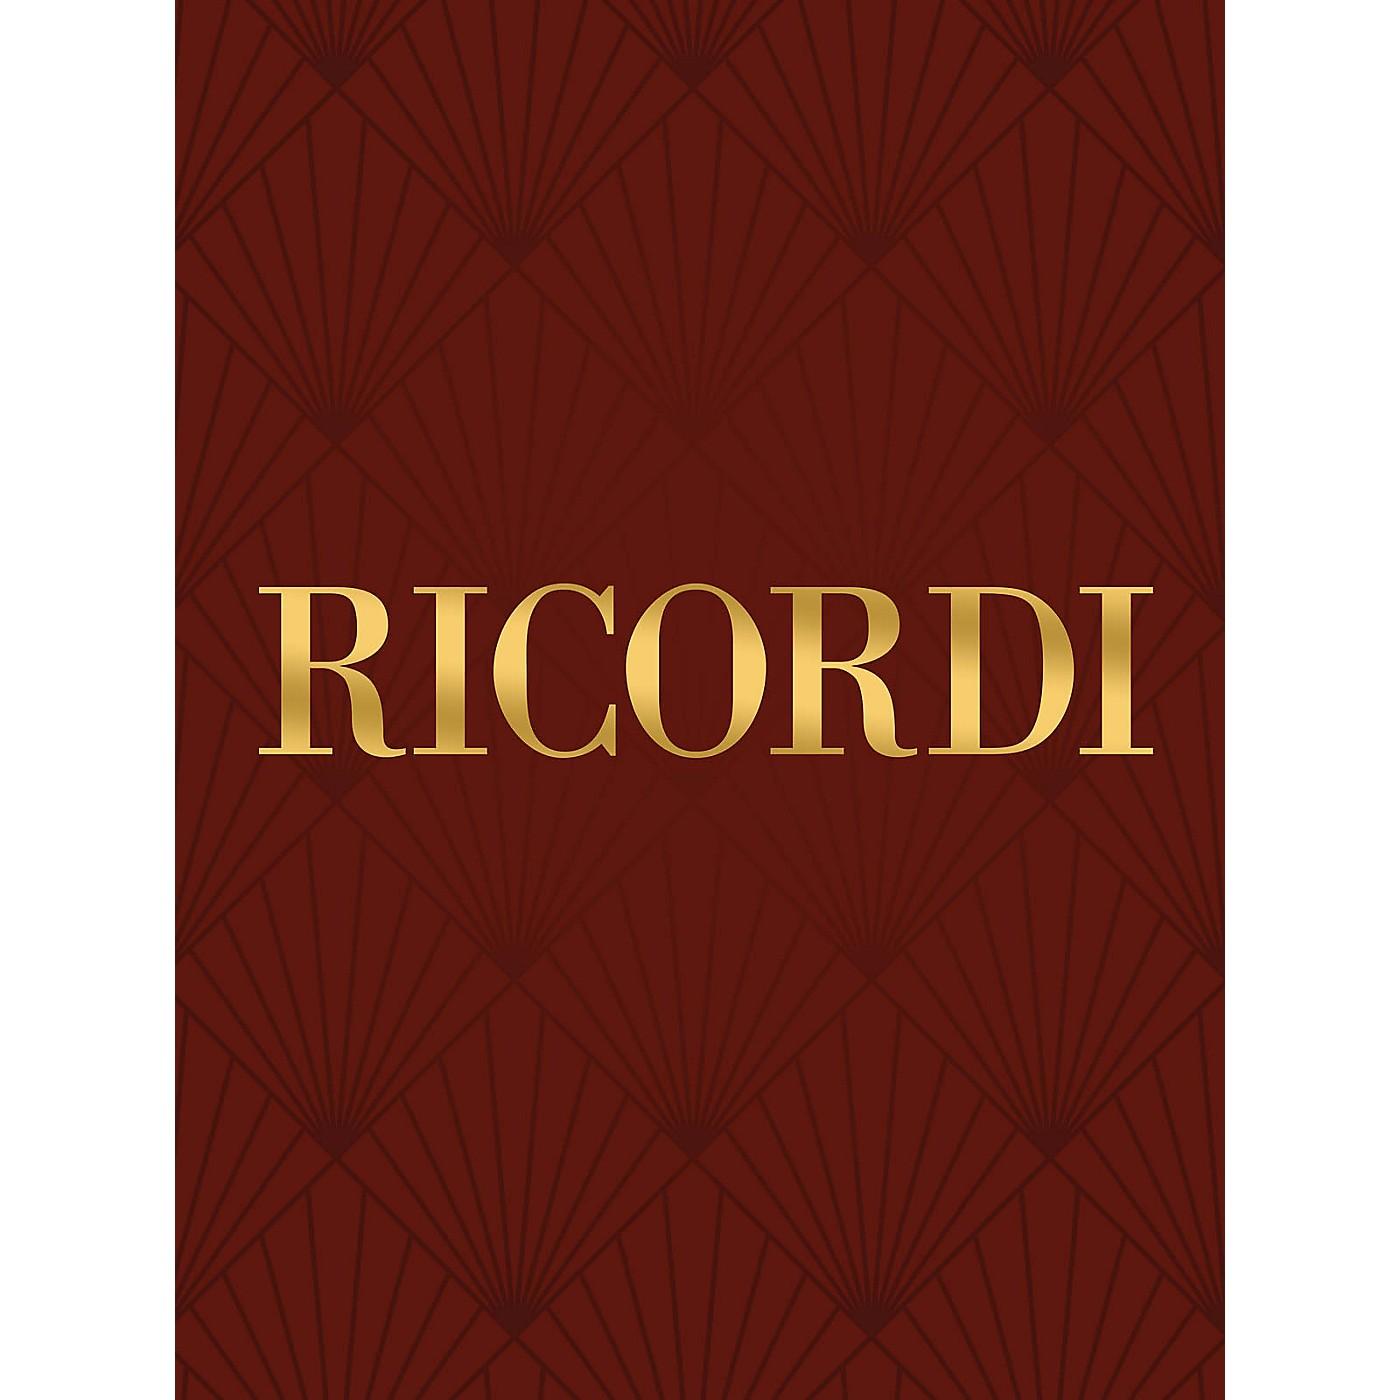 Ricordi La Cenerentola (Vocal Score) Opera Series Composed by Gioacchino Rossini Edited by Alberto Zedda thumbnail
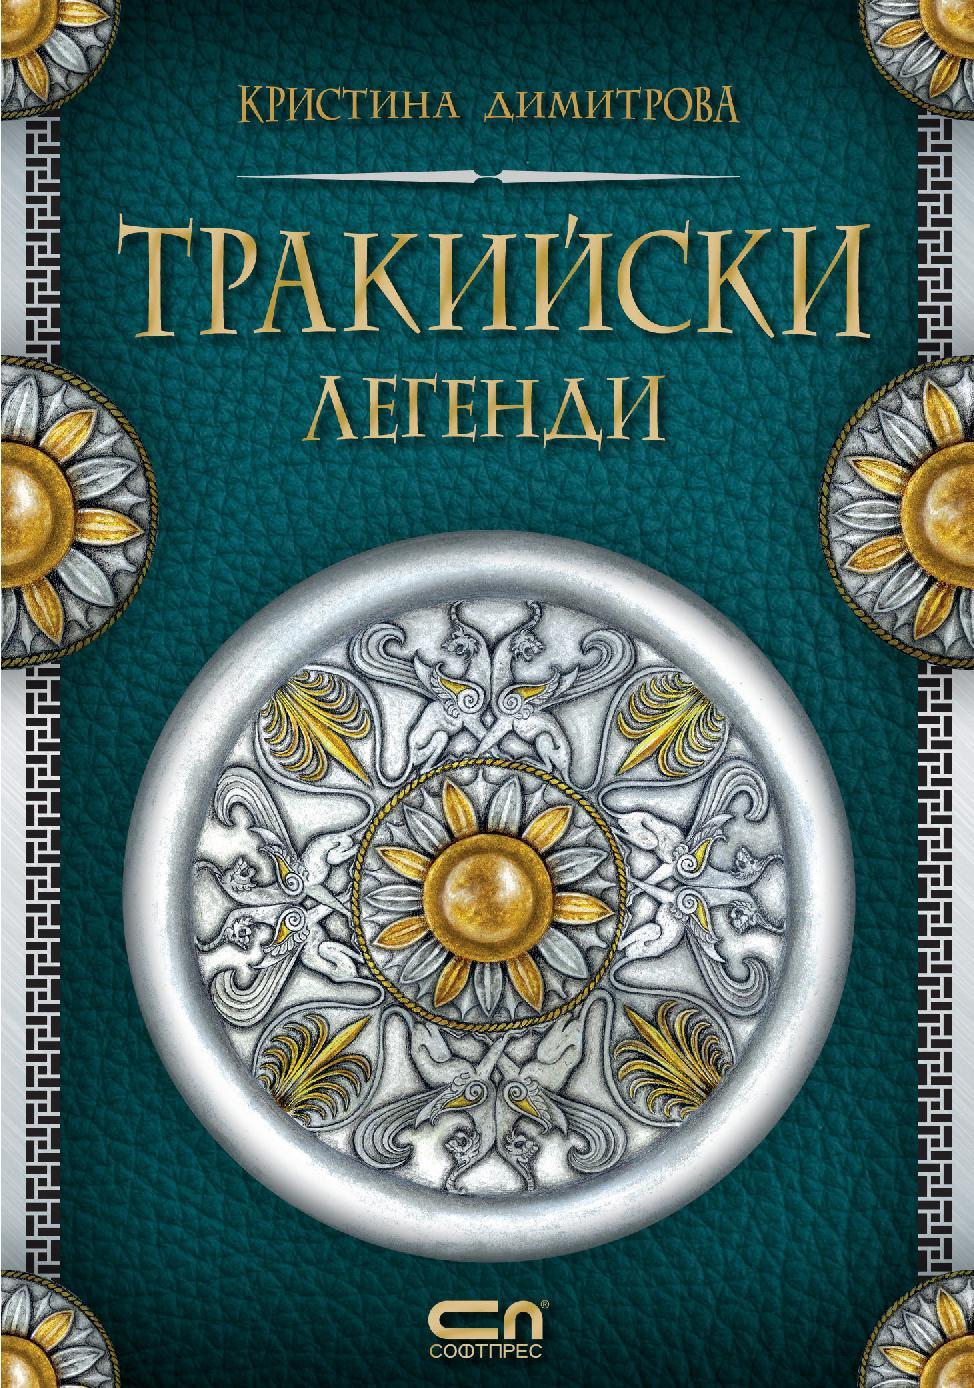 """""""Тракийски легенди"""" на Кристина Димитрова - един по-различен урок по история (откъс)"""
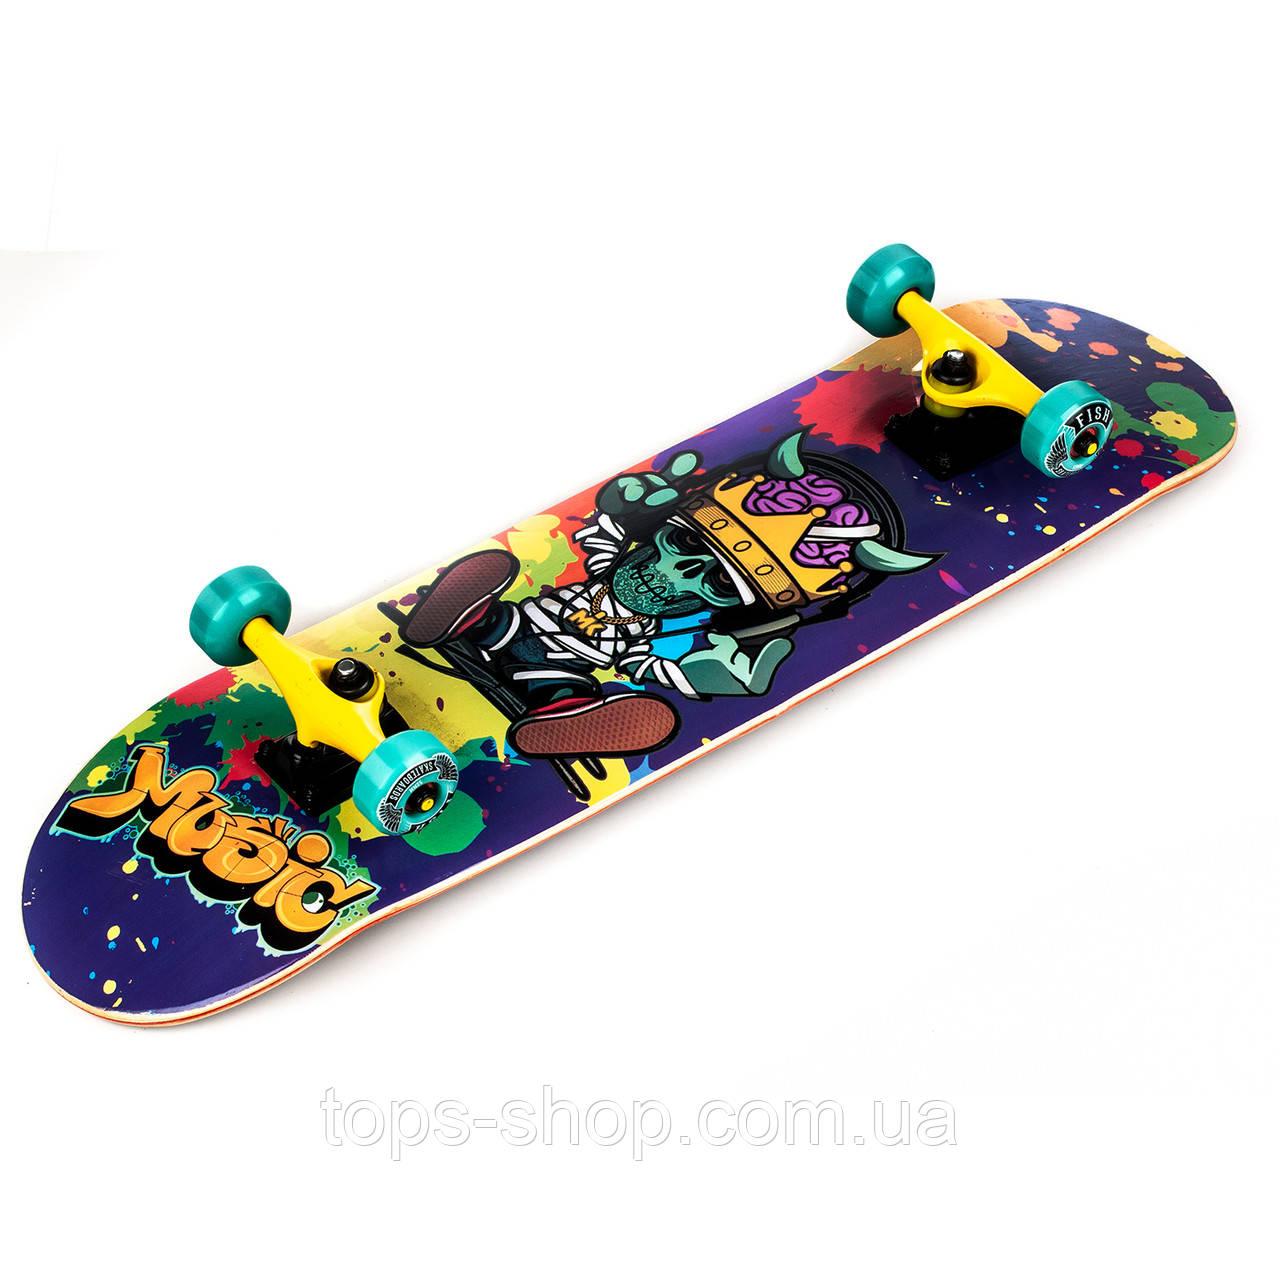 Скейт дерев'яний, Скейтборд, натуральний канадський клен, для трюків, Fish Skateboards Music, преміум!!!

□ □ □

◆ **WHAT THE TASK ASKS**
Leaving the pictures out, copy exactly the lines from the line that contains "на Кристина Димитрова" to the last line of the data, both ends included.

◆ **RESPONSE TO THIS TASK**
 """""""Тракийски легенди"""" на Кристина Димитрова - един по-различен урок по история (откъс)"""
 Скейт дерев'яний, Скейтборд, натуральний канадський клен, для трюків, Fish Skateboards Music, преміум!!!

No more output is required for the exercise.